Selling Yoga has been well received by scholars. Joseph Alter, reviewing Selling Yoga in Nova Religio, writes that it is covers in "a carefully argued and exceptionally sensitive and insightful account" both yoga's combination of the body, spirituality, and branding, and the interaction of politics with "the embodied fetishization of cultural heritage and identity." Maya Warrier writes that Jain "decisively counters the notion that there is such a thing as an 'authentic' form of yoga", arguing instead that yoga has always been "polymorphous and adaptable", fitting into Hindu, Buddhist, and Jain traditions. Warrier notes that Jain's account of early Western "entrepreneur-yogis" were all countercultural, appealing to Westerners with "unorthodox" religious views. Jaime Kucinskas writes that the book insightfully resolves the confusion as to what yoga is and where the modern form of it came from. Kimberley J. Pingatore, finds that Jain's first two chapters "brilliantly" summarize the research of the major scholars of yoga.

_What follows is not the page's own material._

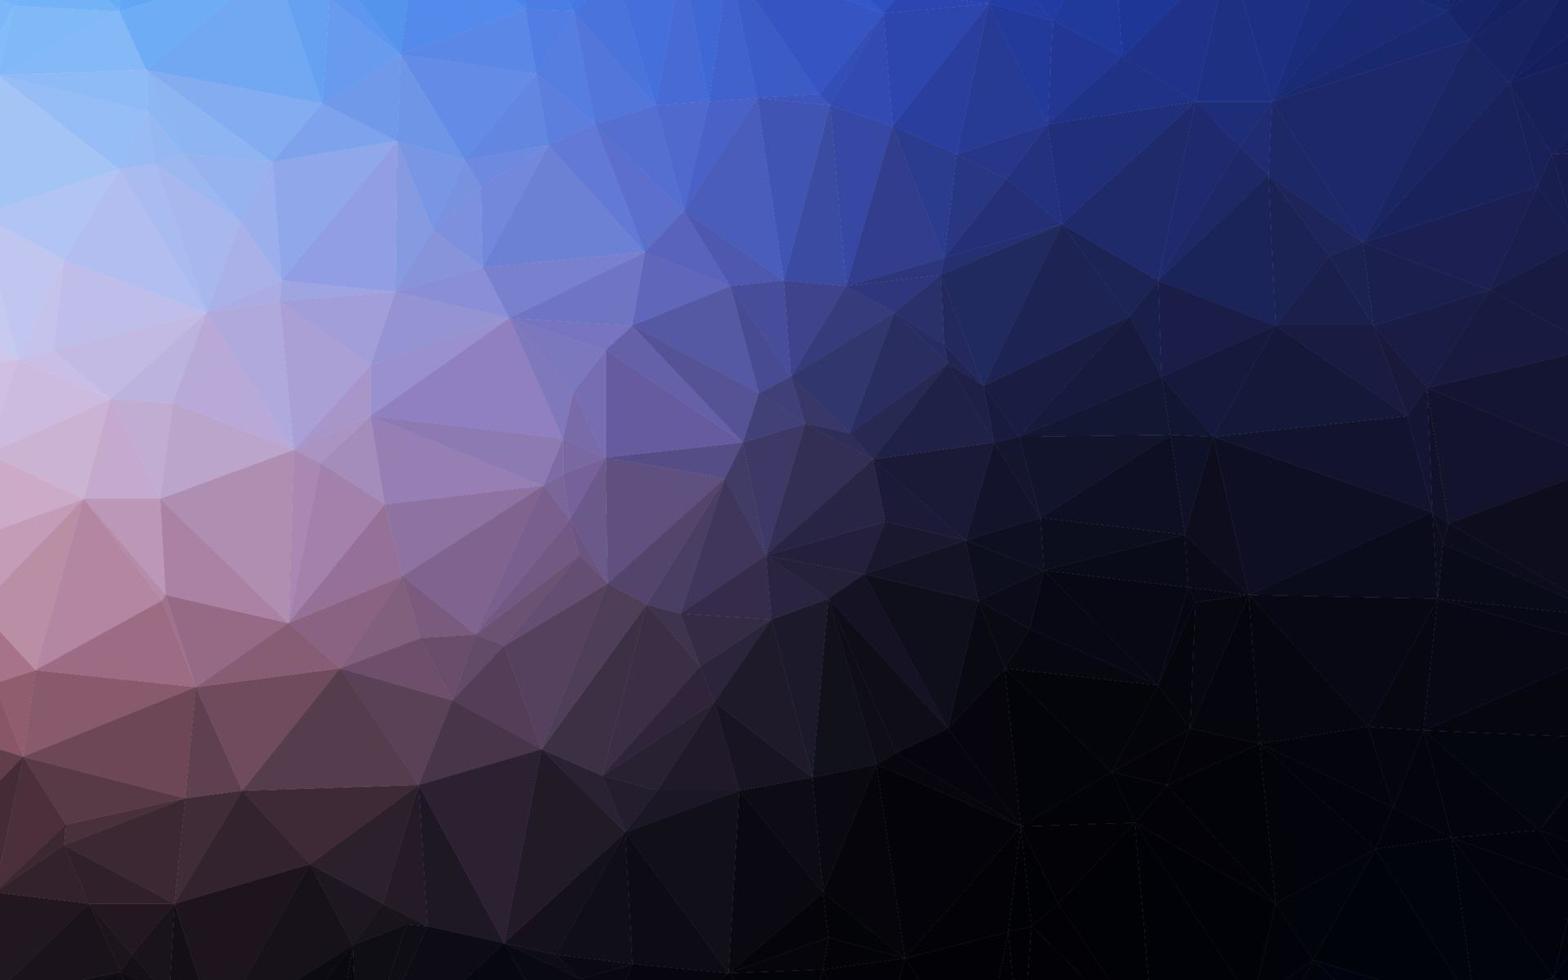 cubierta poligonal abstracta de vector azul y rosa oscuro.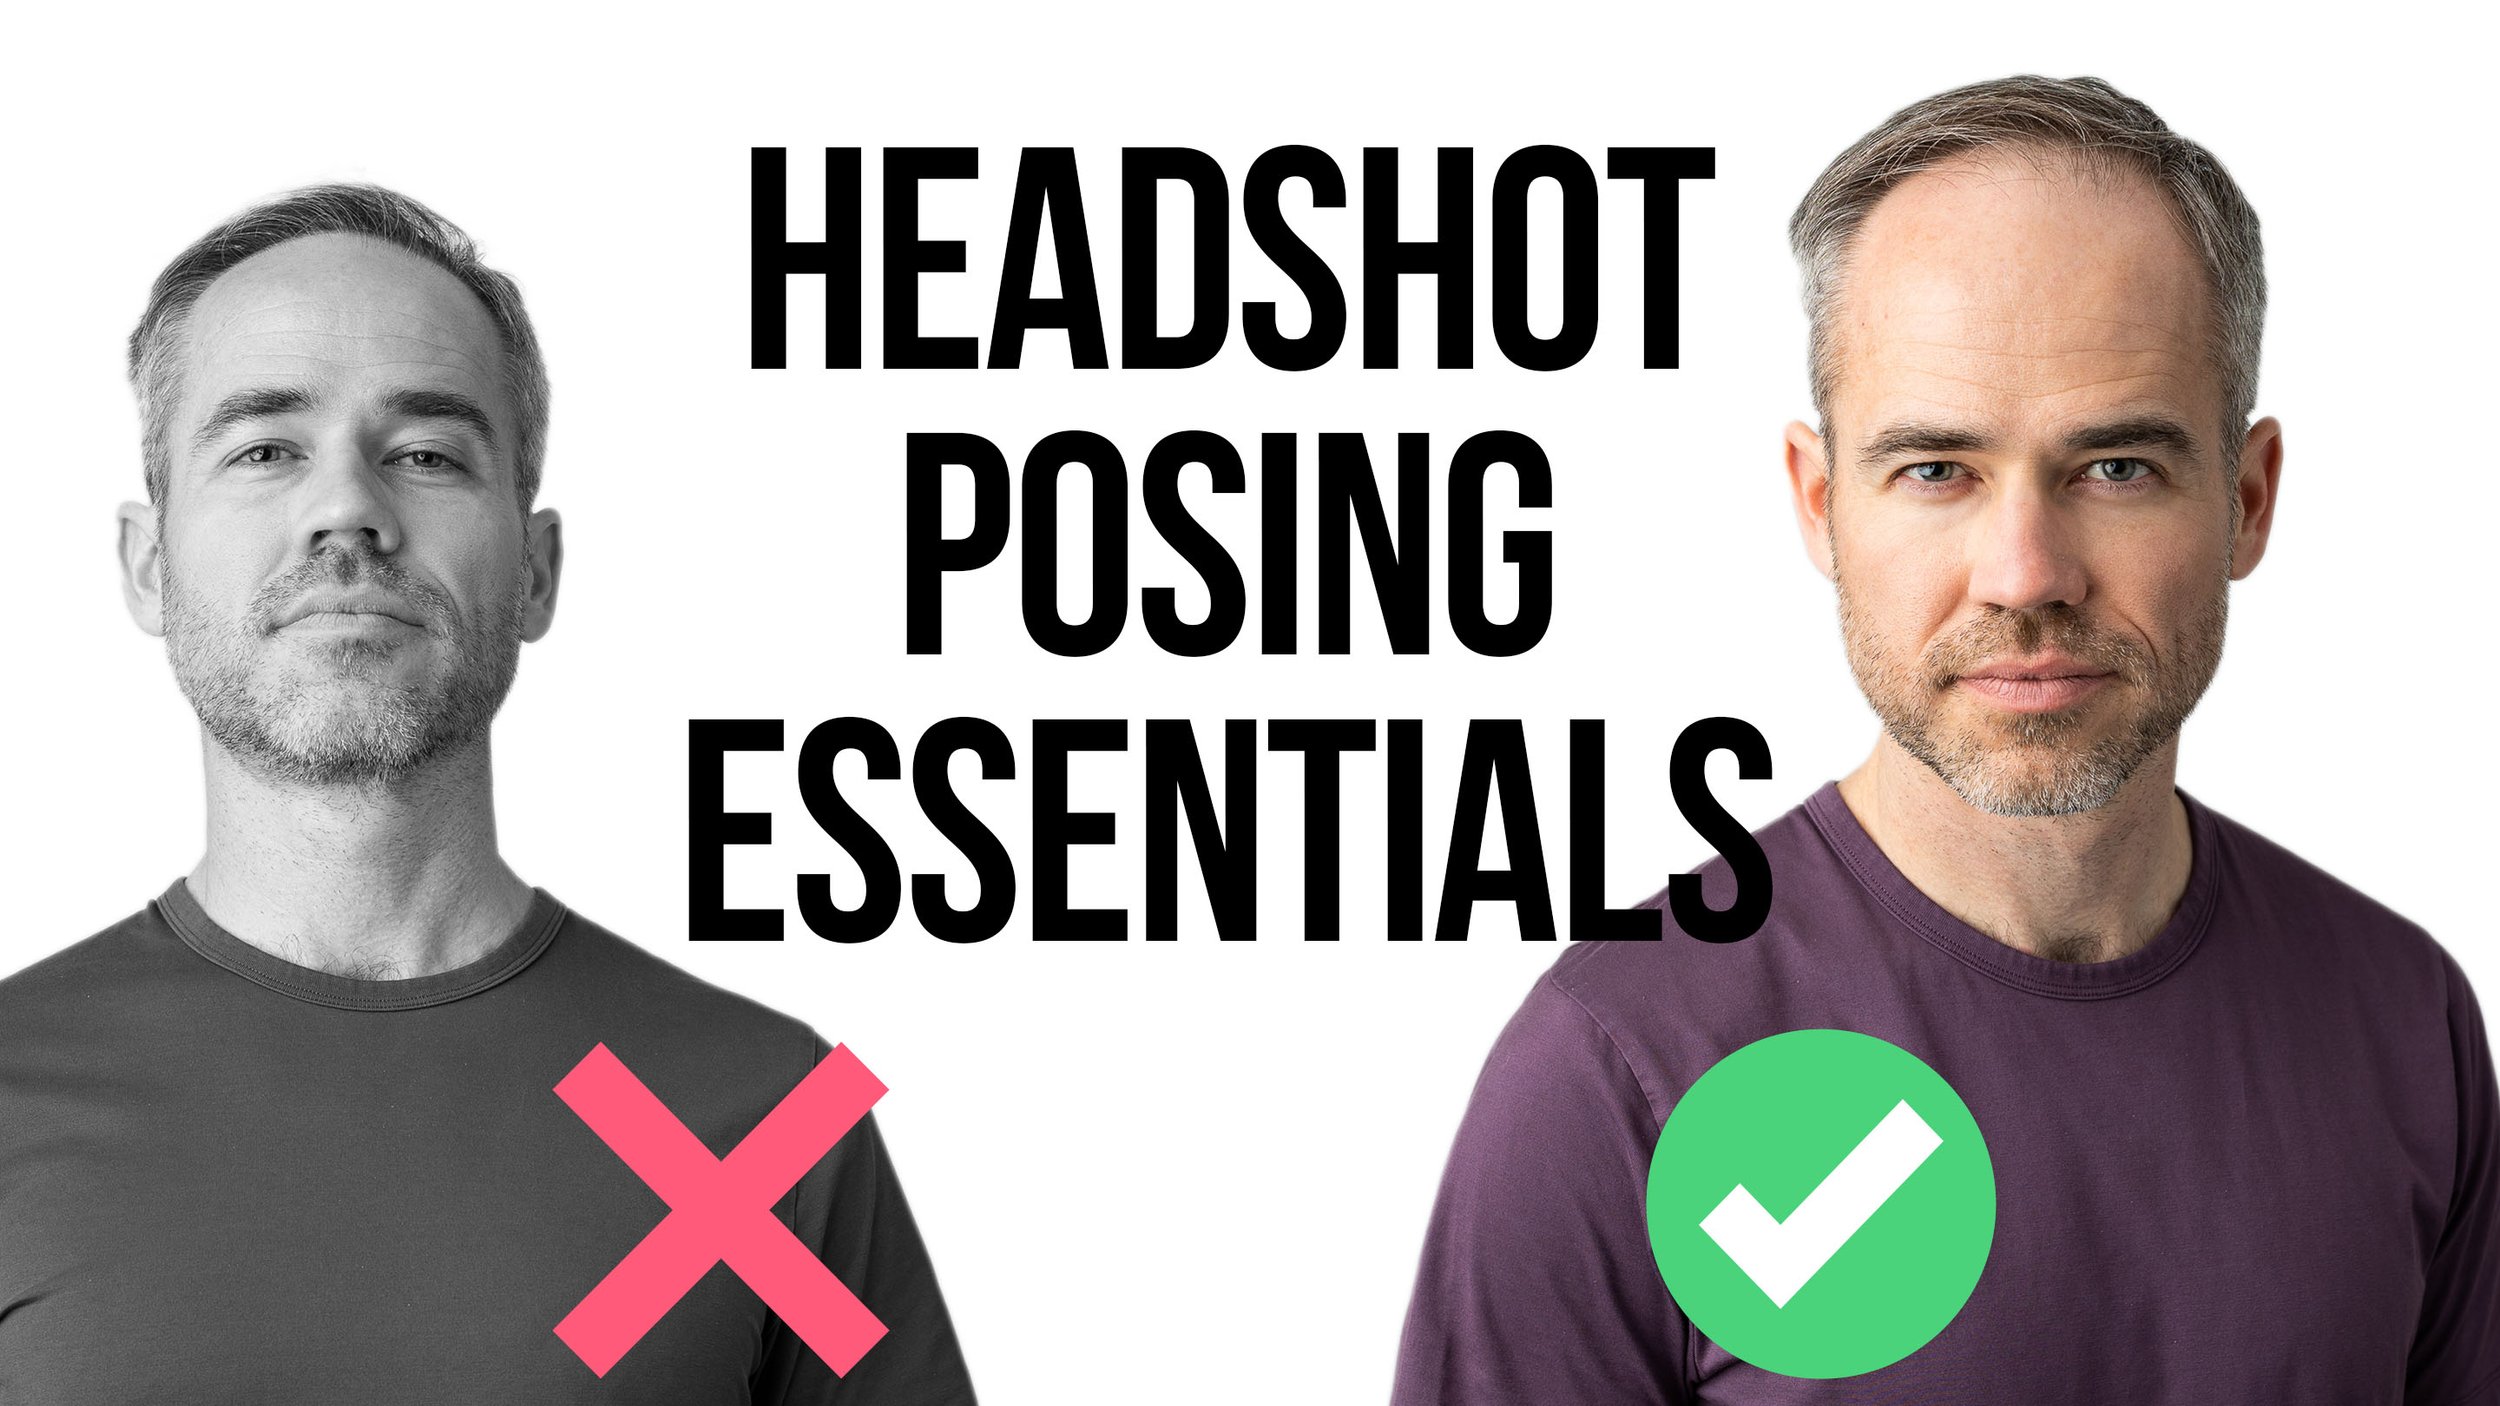 Headshot+posing+essentials

Andrew Singleton, reviewing Peace Love Yoga for Sociology of Religion, described the book as "provocative and original", calling it a "strident critique of global yoga" for its "neoliberal spirituality". Glenn Young, in Horizons, called it "profoundly challenging" and its argument that yoga is "implicated in global capitalism ... compelling and convincing." Young notes that "neoliberal spiritual texts" such as the 'Peace Love Yoga' of the book's title form what Jain calls "gestural subversion", the takeover of a well-meant feeling in the interests of capitalism.

== Books ==

- 2015 Selling Yoga: from Counterculture to Pop culture, Oxford University Press.
- 2020 Peace Love Yoga: the Politics of Global Spirituality, Oxford University Press.